• _Dataset content_

- Opening Delimiter -

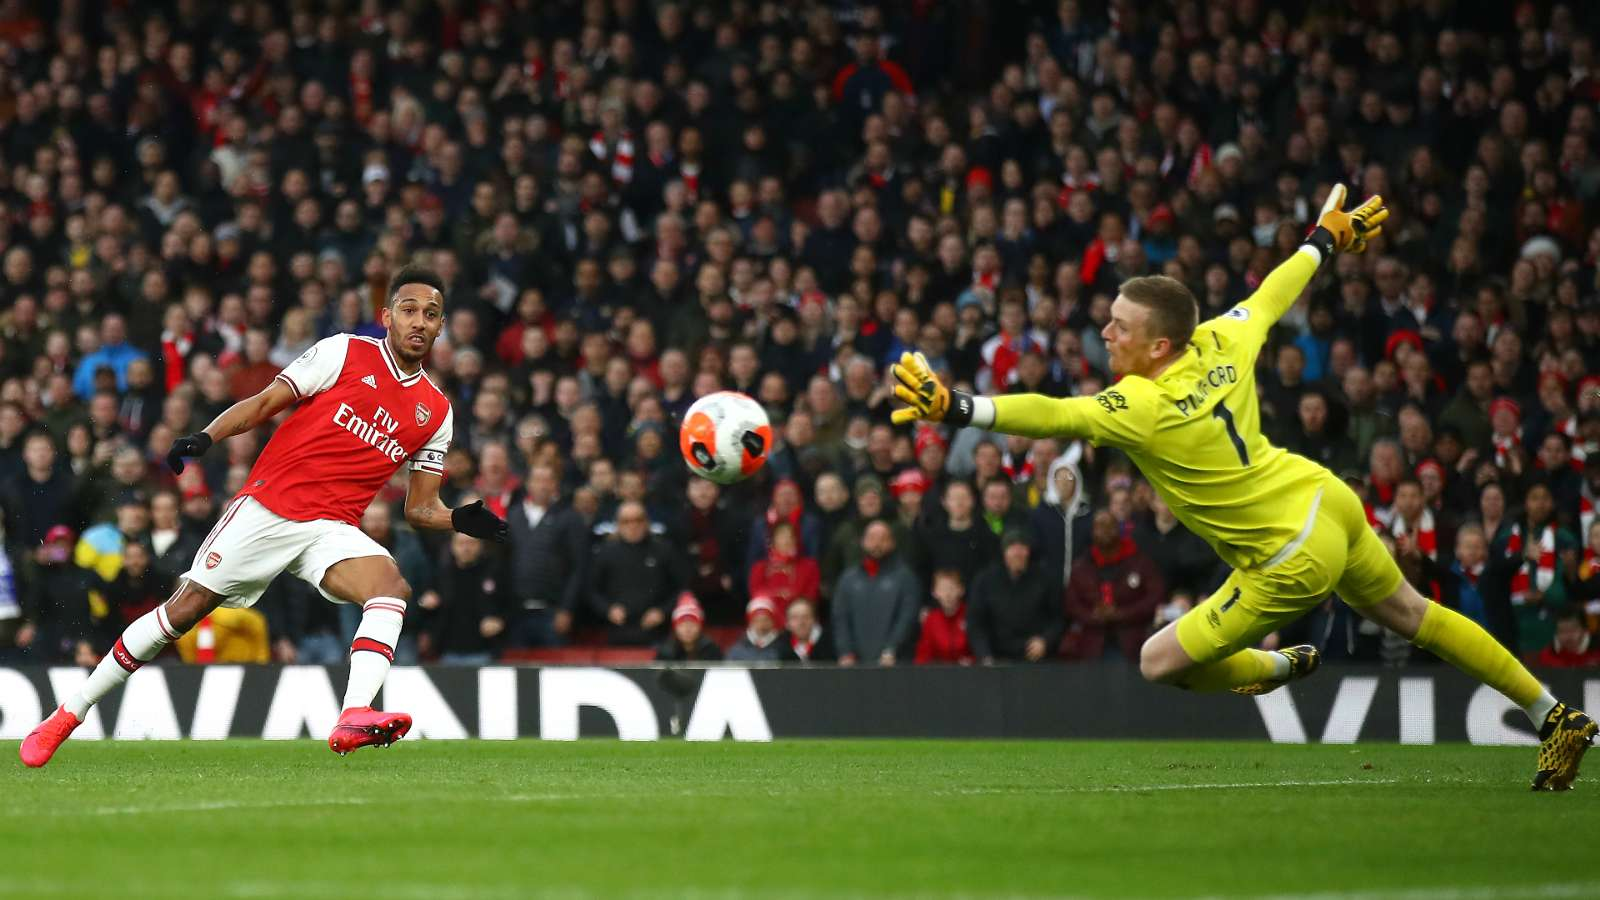 Arsenal 3-2 Everton: Match Report 23 Feb 2020
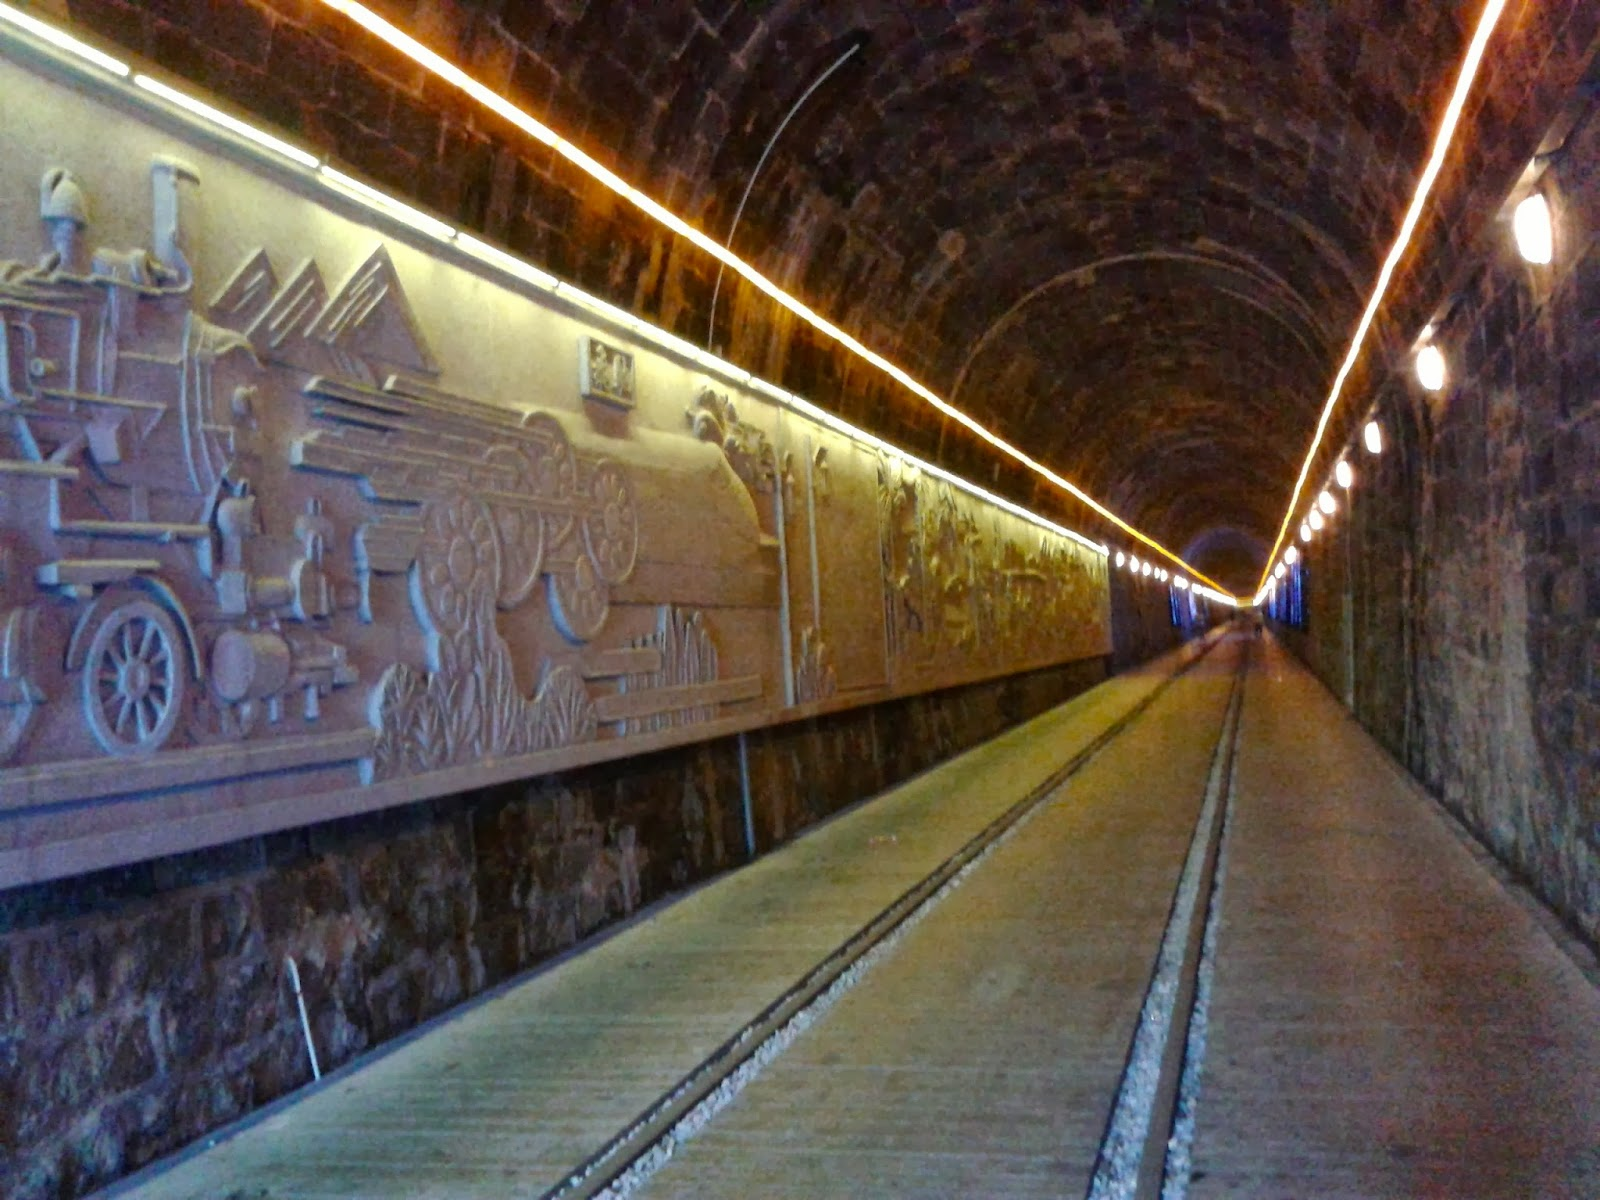 artwork inside the tunnel
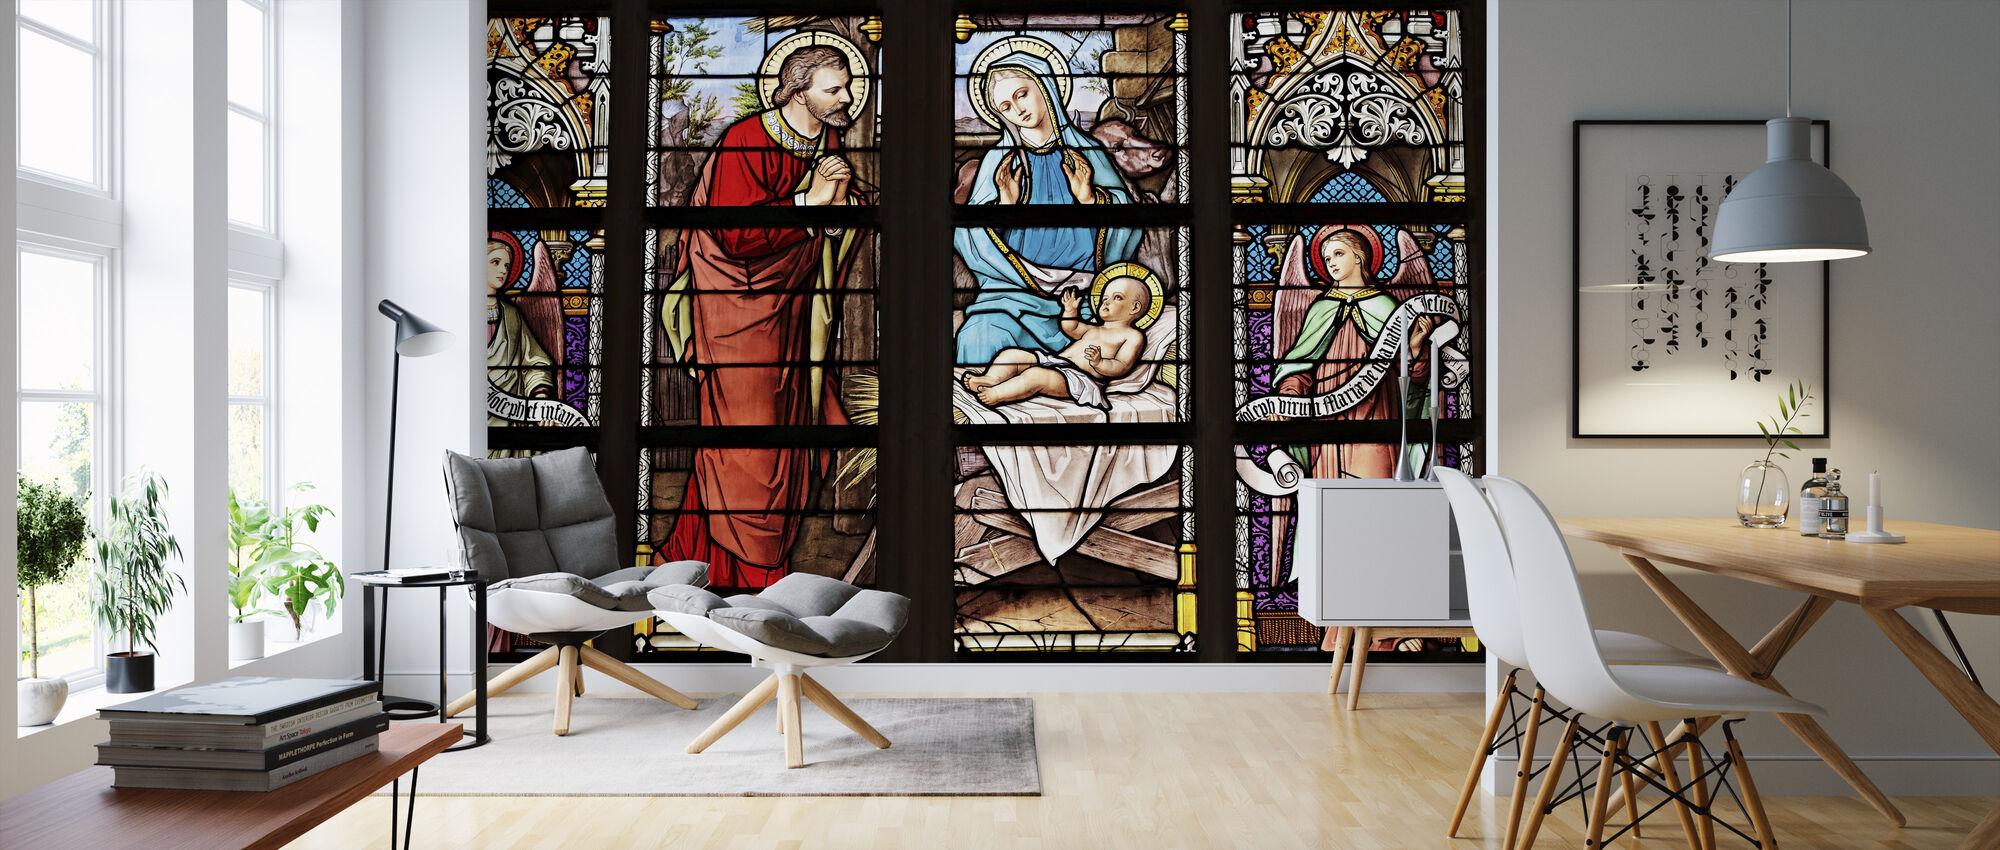 Church Window - Wallpaper - Living Room

- Closing Delimiter -

• _What you are asked to do_
What you output must match the data exactly, apart from the pictures, which are left out.

• _Answer for this exercise_
 Arsenal 3-2 Everton: Match Report 23 Feb 2020
 artwork inside the tunnel
 Church Window - Wallpaper - Living Room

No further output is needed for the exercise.